Шрифт:
Закладка:
Когда Нерестам узнает, что она все еще намерена выйти замуж за Оросмане, у него возникает желание убить ее. Он соглашается, но настаивает, чтобы она приняла крещение; она соглашается. Он посылает ей записку, в которой назначает время и место церемонии; Оросман, не зная, что Нерестам — ее брат, принимает послание за любовную записку. Он настигает Заиру, когда она договаривается о встрече, закалывает ее, узнает, что предполагаемые любовники — брат и сестра, и убивает себя.
Остроумно задуманный, последовательно и драматично развитый сюжет, рассказанный плавным мелодичным стихом; и хотя сентиментальные пассажи сейчас кажутся излишними, мы можем понять, почему Париж принял Заира и Оросмана в свое сердце, и почему добрая печальная королева плакала, когда пьеса была представлена ко двору в Фонтенбло. Вскоре ее перевели и поставили в Англии, Италии и Германии. Теперь Вольтера называли величайшим из ныне живущих французских поэтов, достойным преемником Корнеля и Расина. Это не обрадовало Жана Батиста Руссо, французского поэта, живущего в изгнании в Брюсселе; он оценил «Заира» как «тривиальный и плоский… одиозный микс из благочестия и распутства». В ответ Вольтер написал длинное рассуждение в стихах «Храм вкуса» («Le Temple de goût»), в котором порицал Руссо и превозносил Мольера.

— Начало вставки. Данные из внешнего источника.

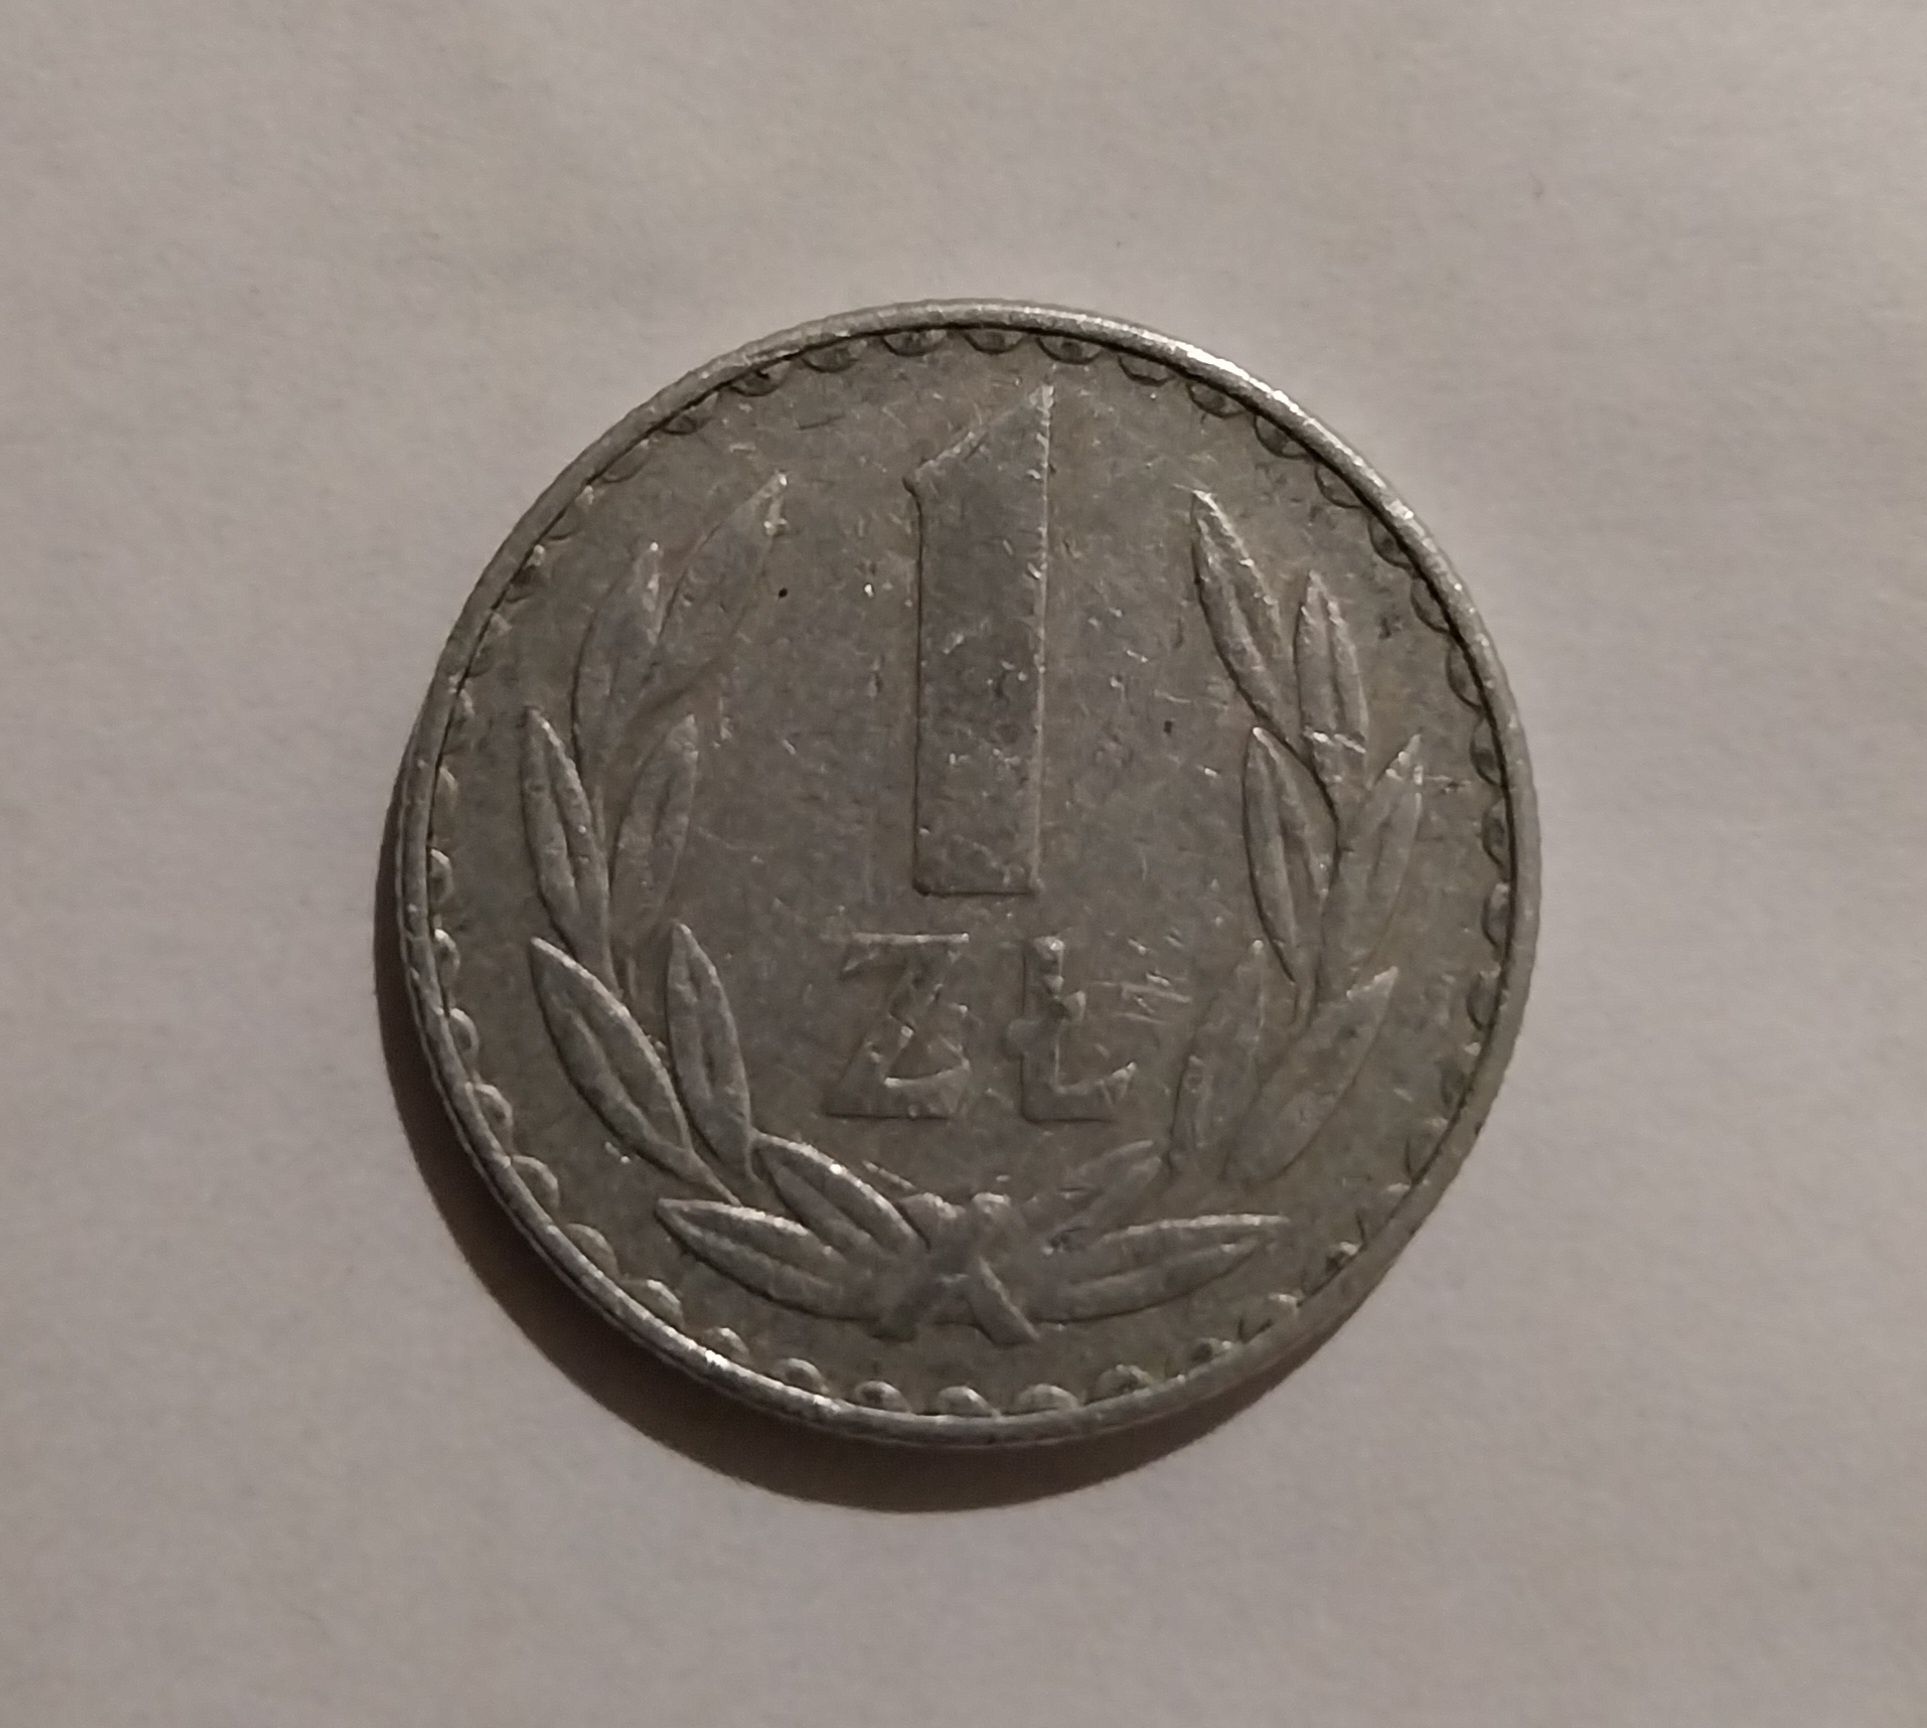 Moneta 1 zł rok 1978 zm

Его голова была устремлена к звездам, но он не переставал работать. Зимой 1732–33 годов он изучал математику и Ньютона со своей будущей жертвой Мопертюи, переписывал «Эрифилу», пересматривал «Заира» и «Карла XII», собирал материалы для «Век Людовика XIV», наносил последние штрихи на «Письма об англичанах», создавал новую пьесу «Аделаида» и писал бесчисленные мелочи — письма, комплименты, приглашения, эпиграммы, амурные частушки — все это блистало остроумием в гладко отшлифованных стихах. Когда умерла его щедрая хозяйка, госпожа де Фонтен-Мартель, он переехал в дом на Рю дю Лонг-Пойнт и занялся экспортом пшеницы. Затем, сочетая коммерцию с романтикой, он встретил (1733) Габриэль Эмилию Ле Тоннелье де Бретей, маркизу дю Шатле. С этой уникальной и предприимчивой женщиной его жизнь была связана до самой ее смерти.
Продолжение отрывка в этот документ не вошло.